*EXERCISE REQUIREMENTS*: Your task is to return the listing below word for word, without any of its images.

*** AVAILABLE DATA Section Begins ***

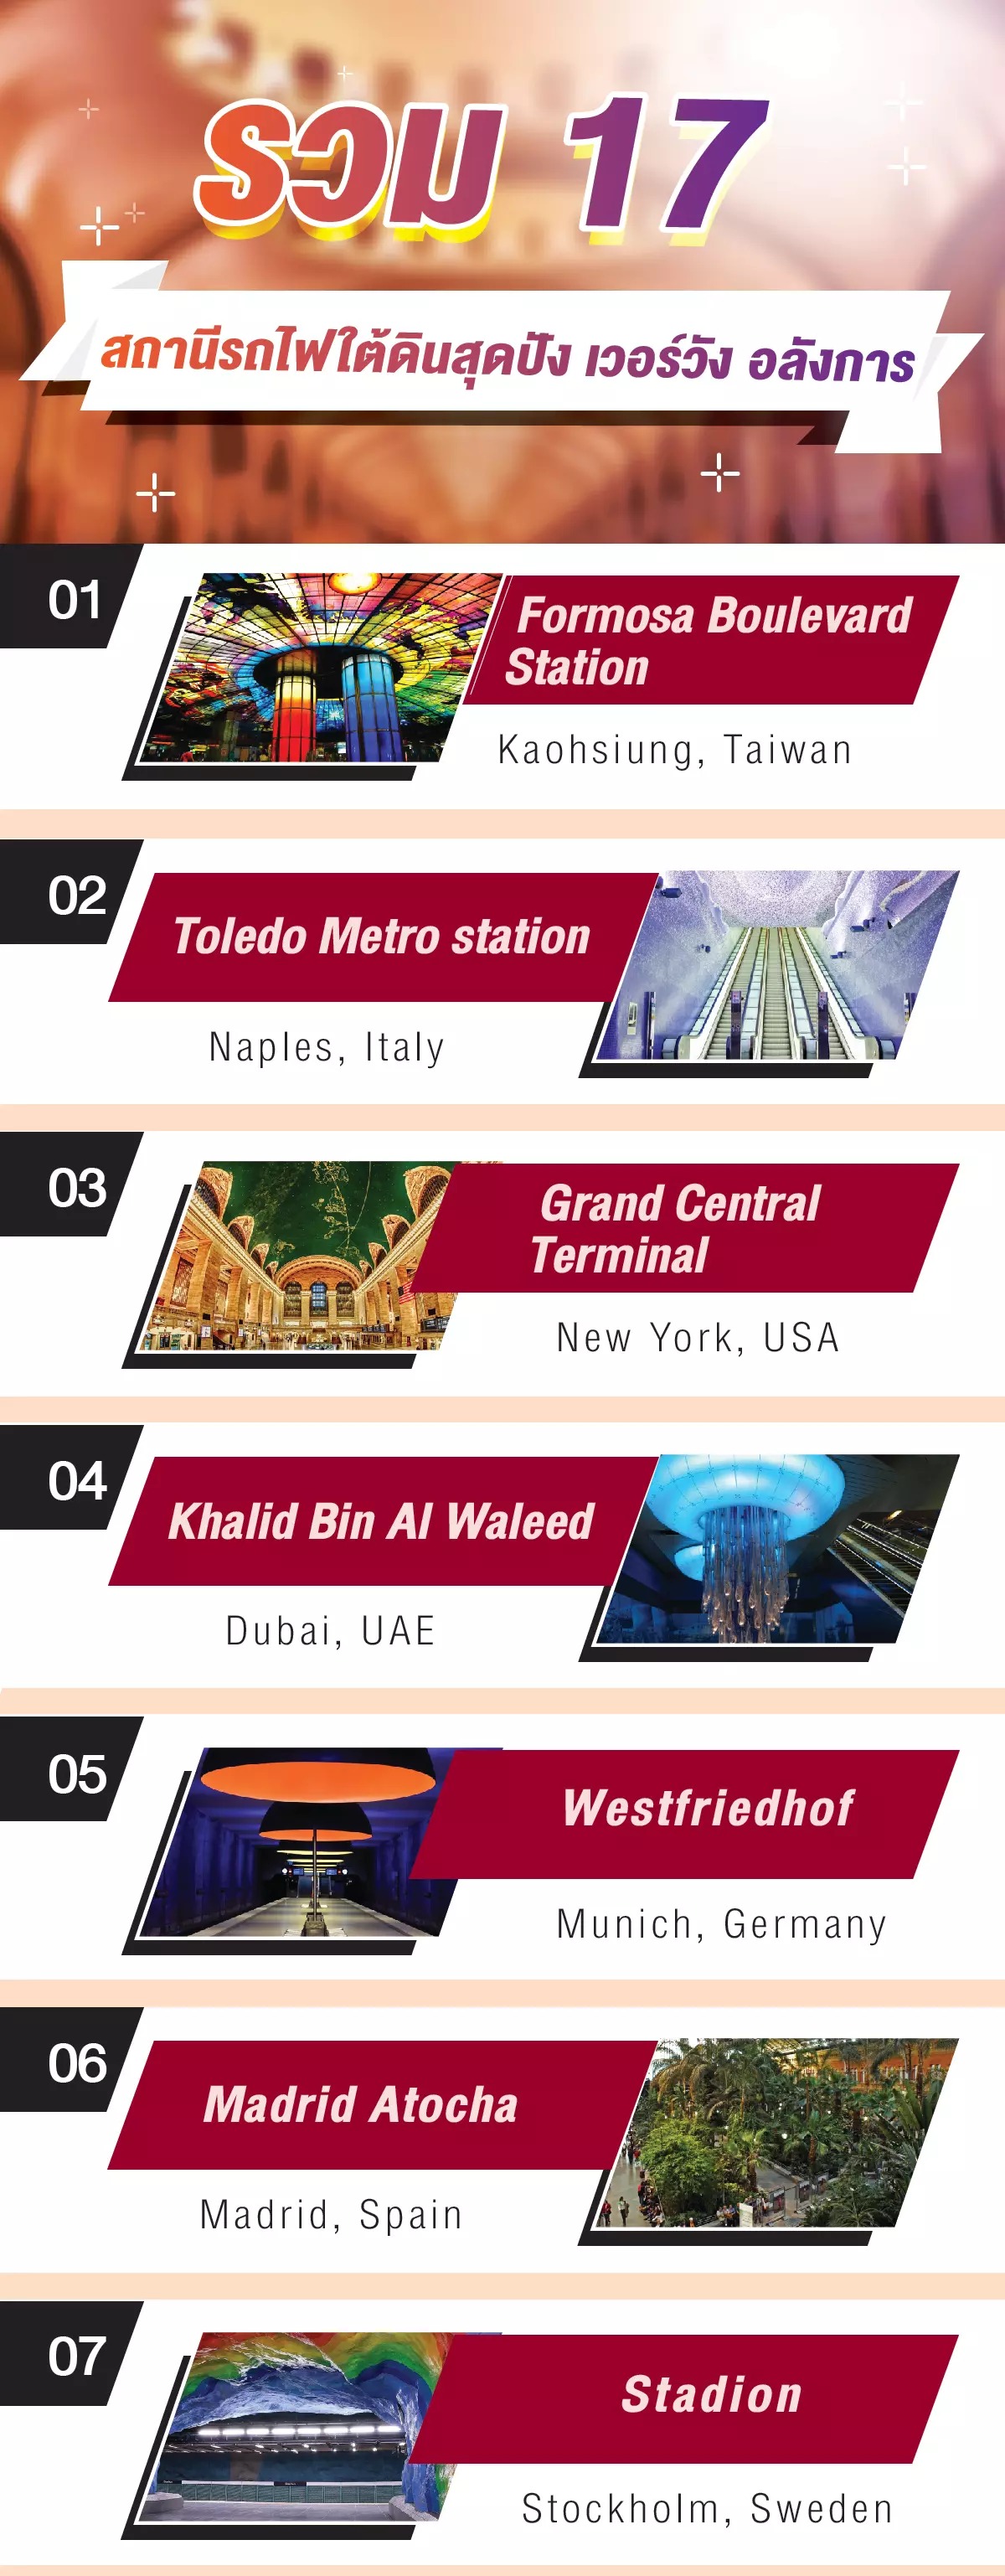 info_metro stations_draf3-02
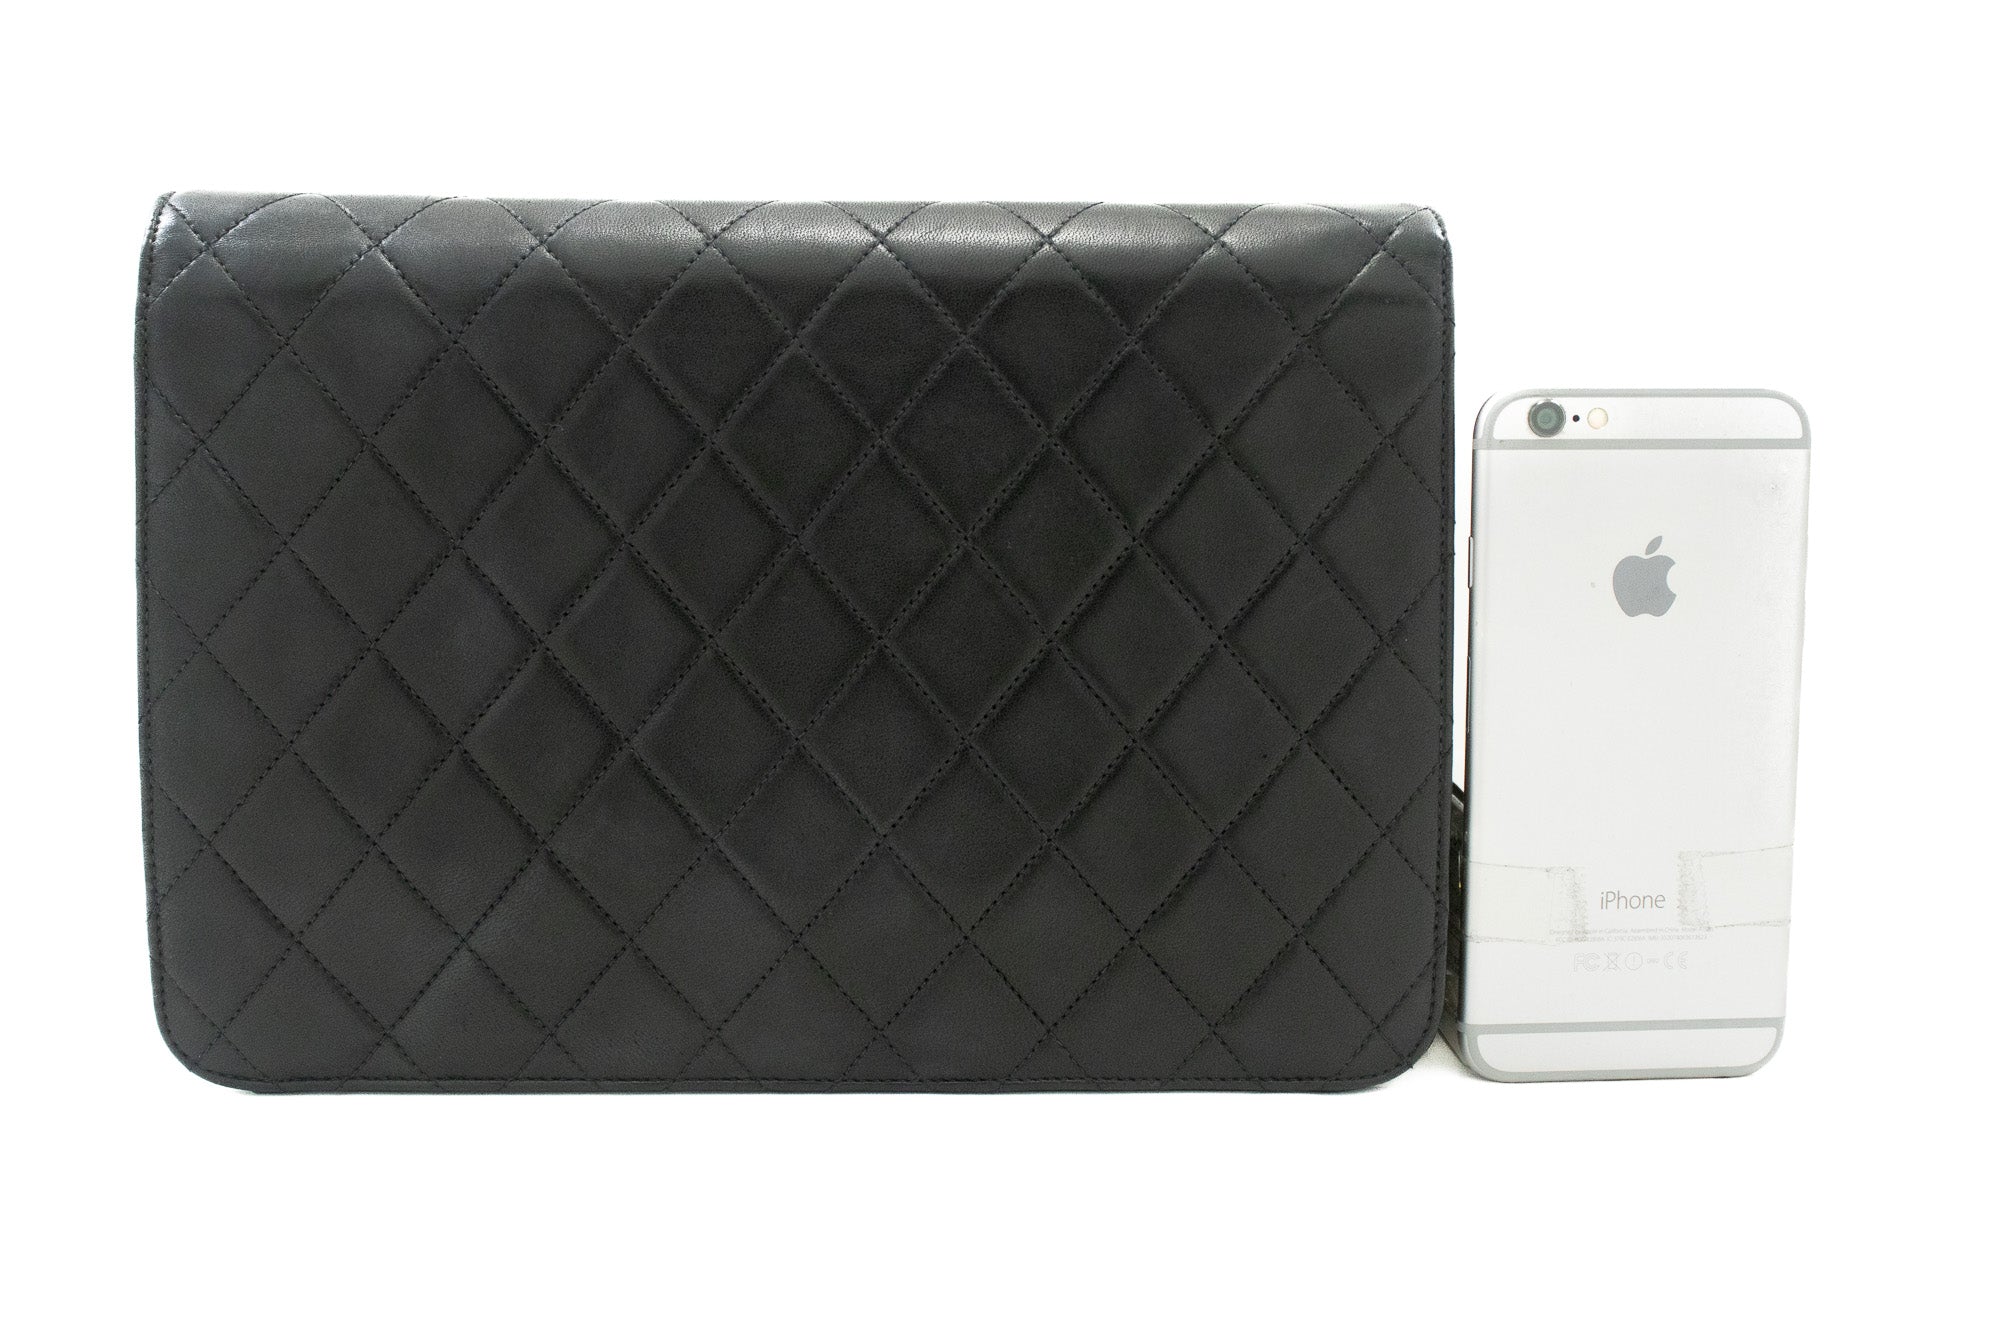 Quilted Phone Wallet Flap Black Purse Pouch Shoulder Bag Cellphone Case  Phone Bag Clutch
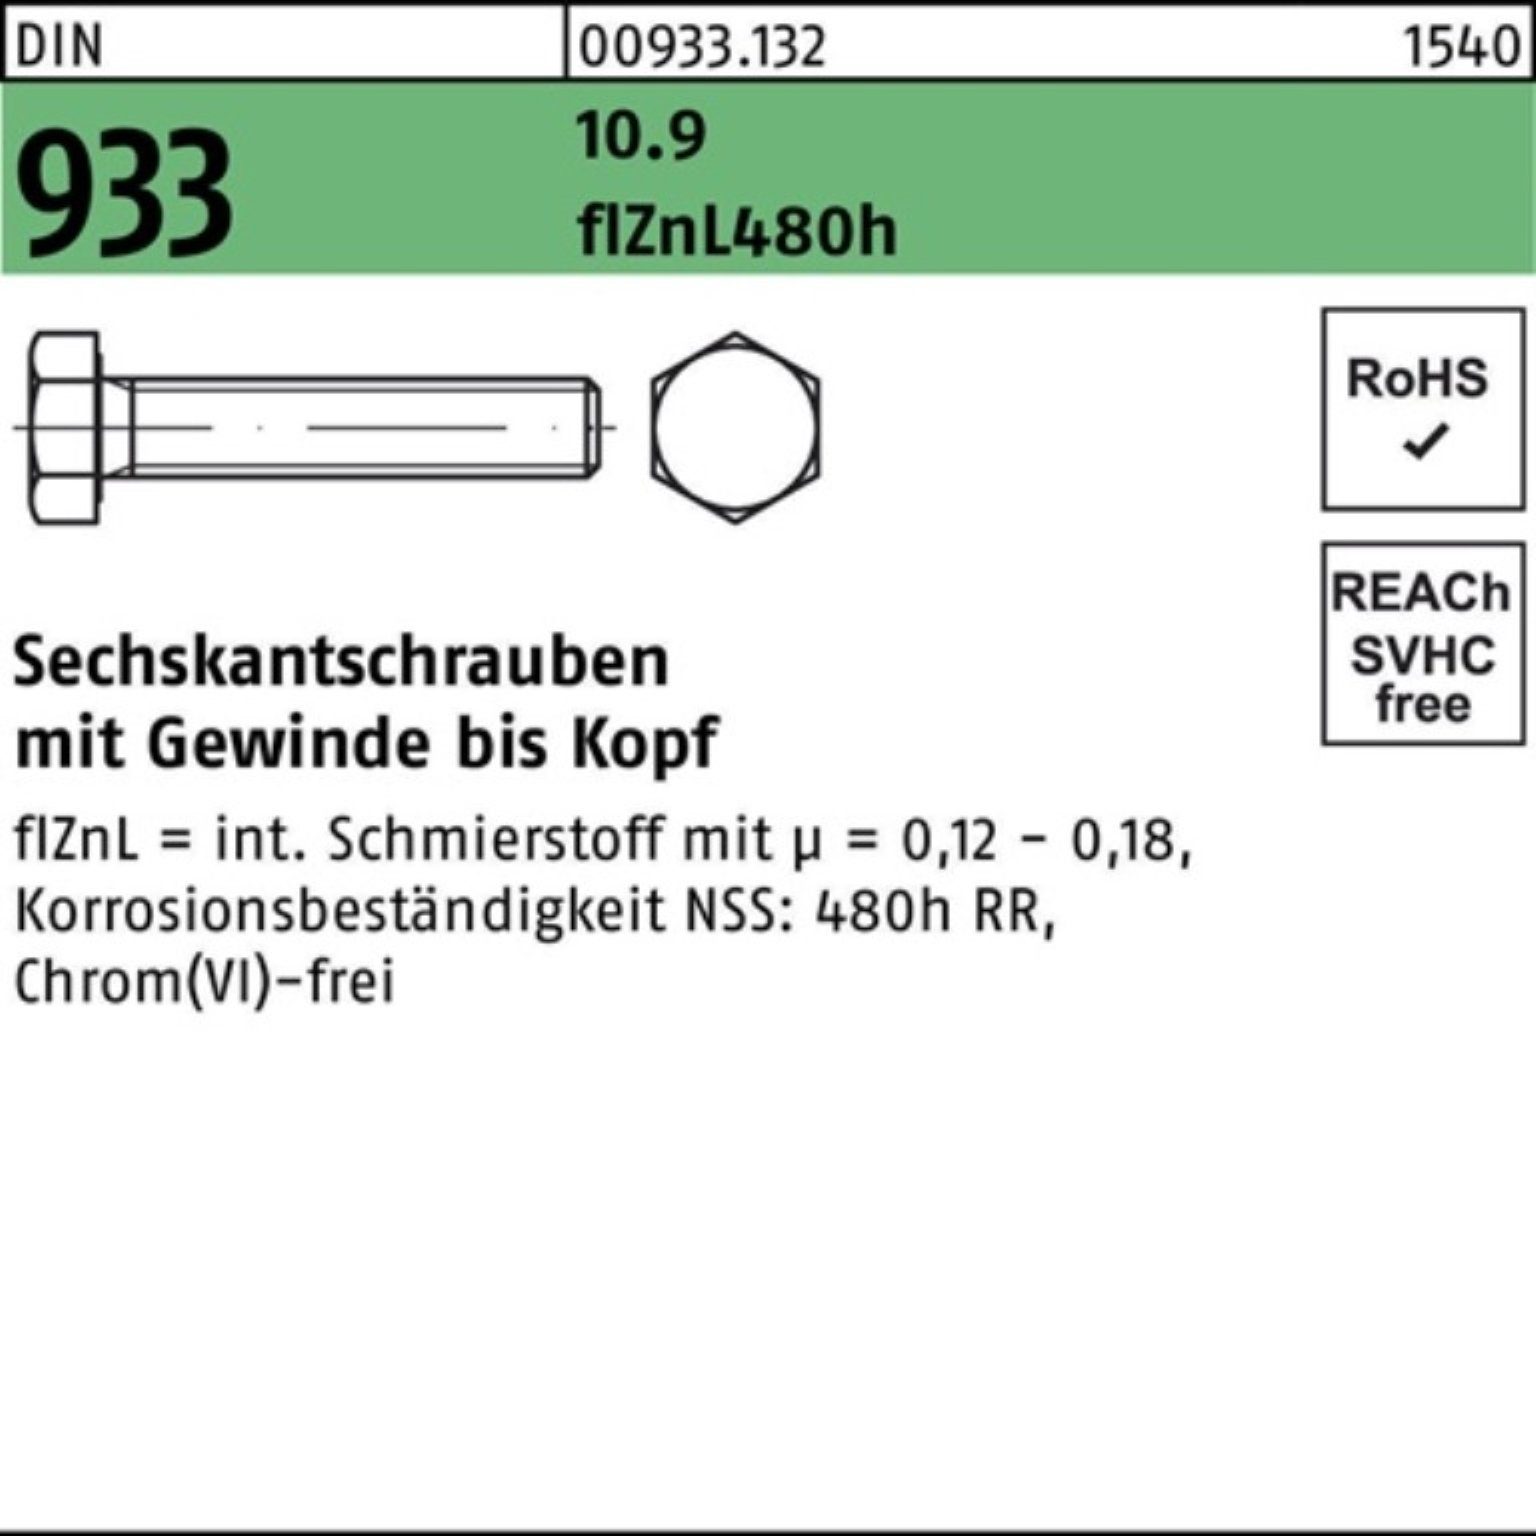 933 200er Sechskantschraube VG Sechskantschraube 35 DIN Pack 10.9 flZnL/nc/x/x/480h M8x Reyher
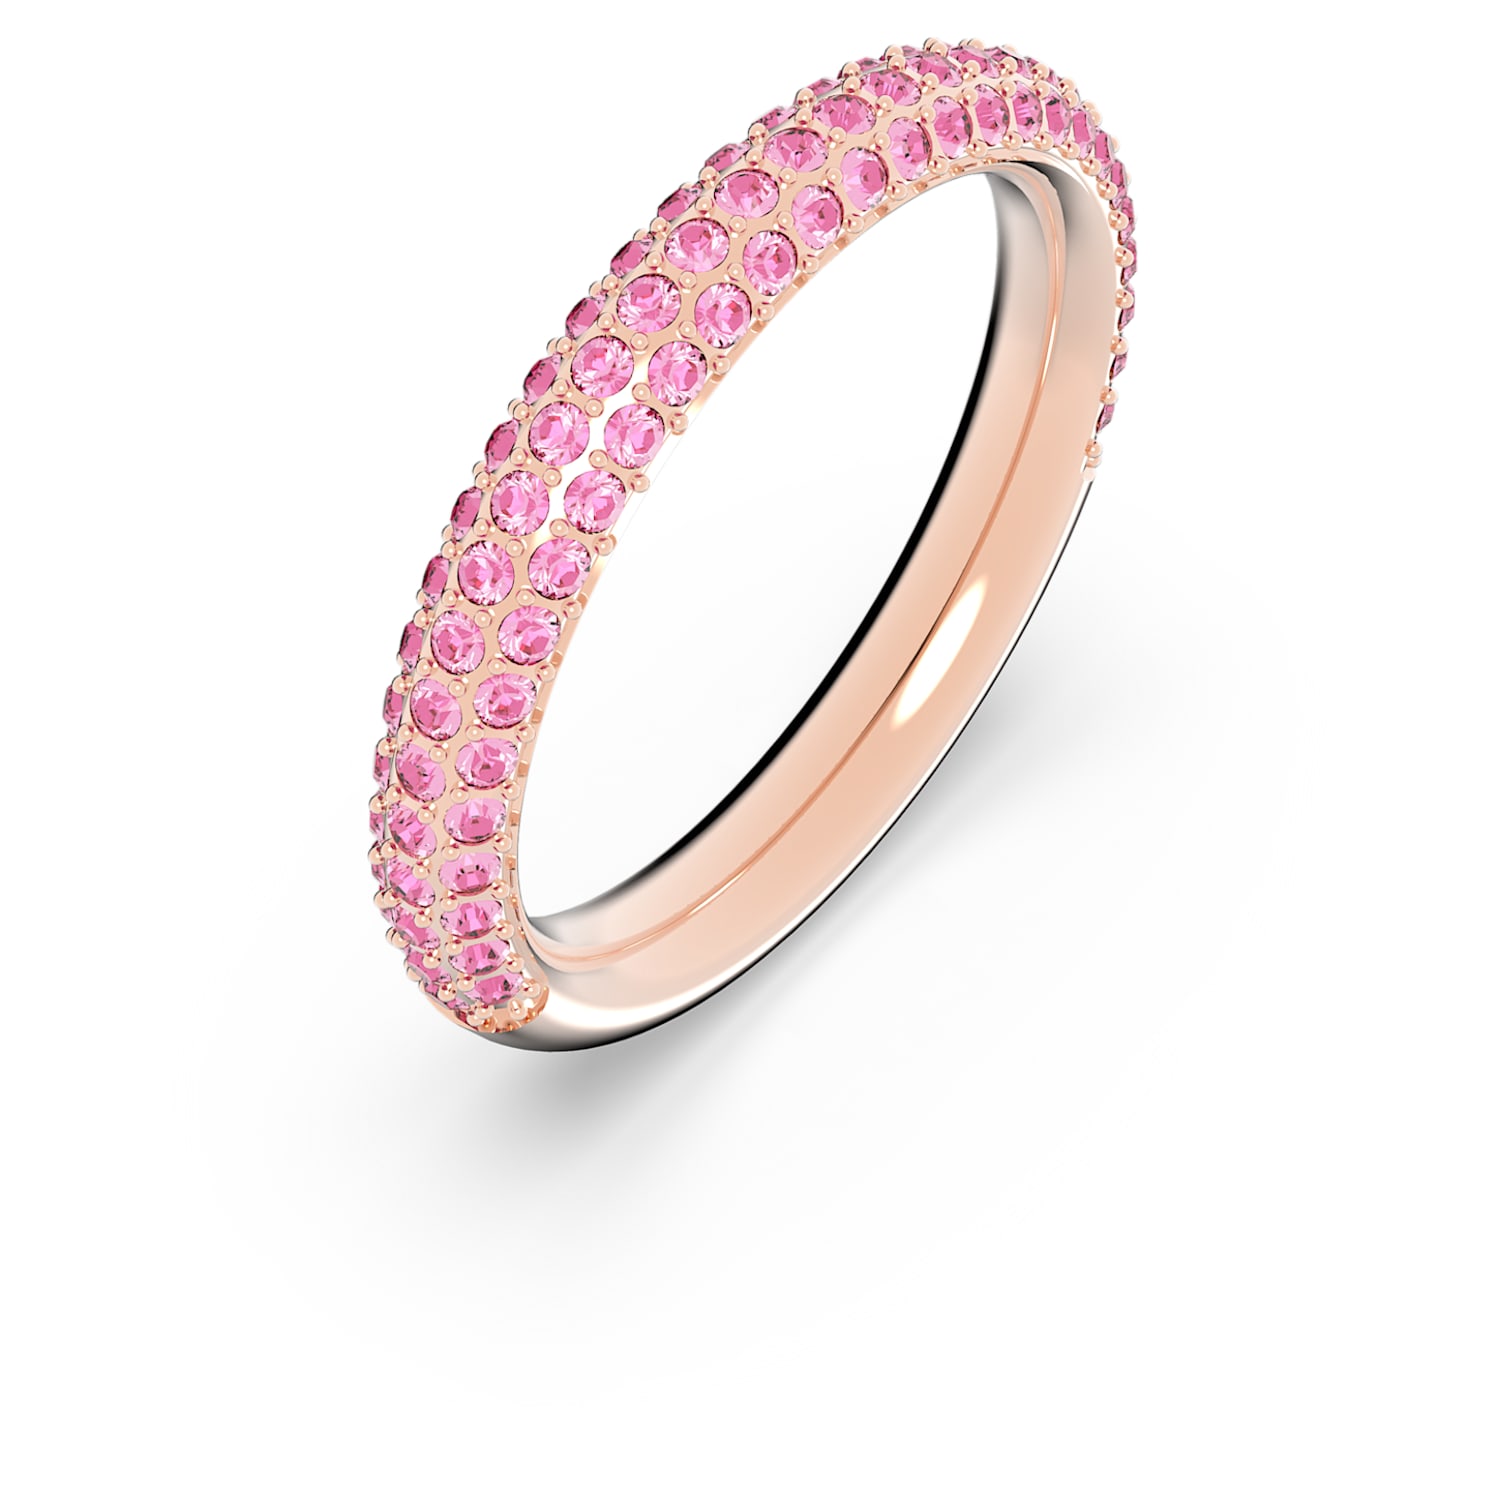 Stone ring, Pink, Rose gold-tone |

*** AVAILABLE DATA Section Ends ***

*OUTPUT FOR THIS TASK*:
 info_metro stations_draf3-02
 Quilted Phone Wallet Flap Black Purse Pouch Shoulder Bag Cellphone Case  Phone Bag Clutch
 933 200er Sechskantschraube VG Sechskantschraube 35 DIN Pack 10.9 flZnL/nc/x/x/480h M8x Reyher
 Stone ring, Pink, Rose gold-tone |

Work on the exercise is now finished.